Interobserver Agreement Studies

Cohen`s Kappa should not be considered a gold standard for an agreement on time and movement studies. In biological research, where nothing can be considered absolute and accurate, as in physics, the accuracy of a new measurement method is considered assured when the measurement principle is sound and a number of measures do not deviate from a pre-defined standard or a series of measurements carried out using a recognized reference method. The acceptable deviation limit must be set arbitrarily from the outset. Accuracy is generally calculated and discussed with respect to standard deviations and coefficients of variation (CV), compliance percentages, standard measurement errors, and Bland-Altman parcels with appropriate compliance limits [6]. In their systematic review of the study of agreements published between 2007 and 2009, Zaki and colleagues concluded that the Bland-Altman approach is by far the most used (178 studies (85%), followed by the Pearson correlation coefficient (27%), and the comparison of averages (18%) [7] Although Bland-Altman plots have been proposed to compare two measurement methods [8-10], they have also been valuable when comparing two observers (inter-observer variability assessment) or repeated measurements of the same observer (assessment of intra-observer variability).
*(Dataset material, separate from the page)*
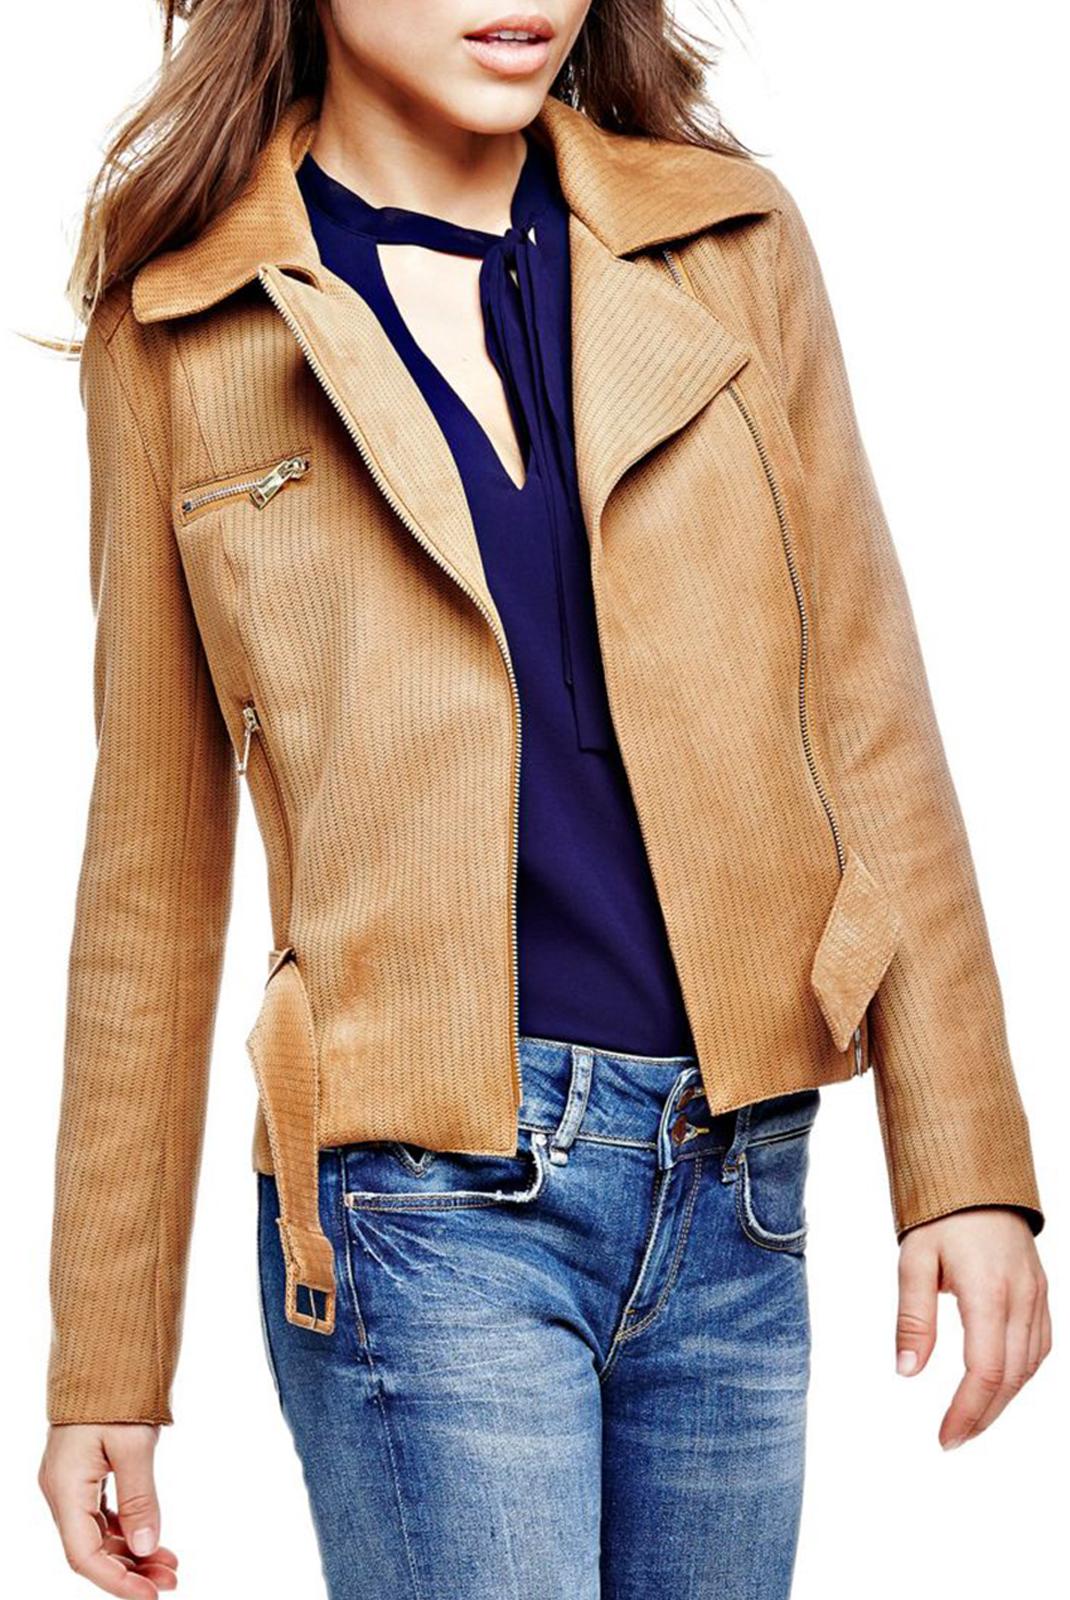 Vestes & blousons  Guess jeans W64L15W7UT0 G154

However, the Bland-Altman approach was not designed to assess the variability of the inter-observer, with more than two observers, nor to study the different sources of variation in the data. Based on the concept of variance component analysis (VCA), we assessed deviations due to errors, which were caused by separate elements of a PET scan (tracer, scanner, time, patient, observer, etc.) to express the composite uncertainty of repeated measurements and obtain relevant repeatability coefficients (RCs) that have a unique reference with Bland Altman plots in simple retest test parameters : RC is the limit below which 95% of the differences are. , where different sources of variation are fixed. The two clinical studies that provided data for this trial were approved by the Regional Committees of Scientific Ethics in Southern Denmark (Project ID: S-20120100 and S-20120137).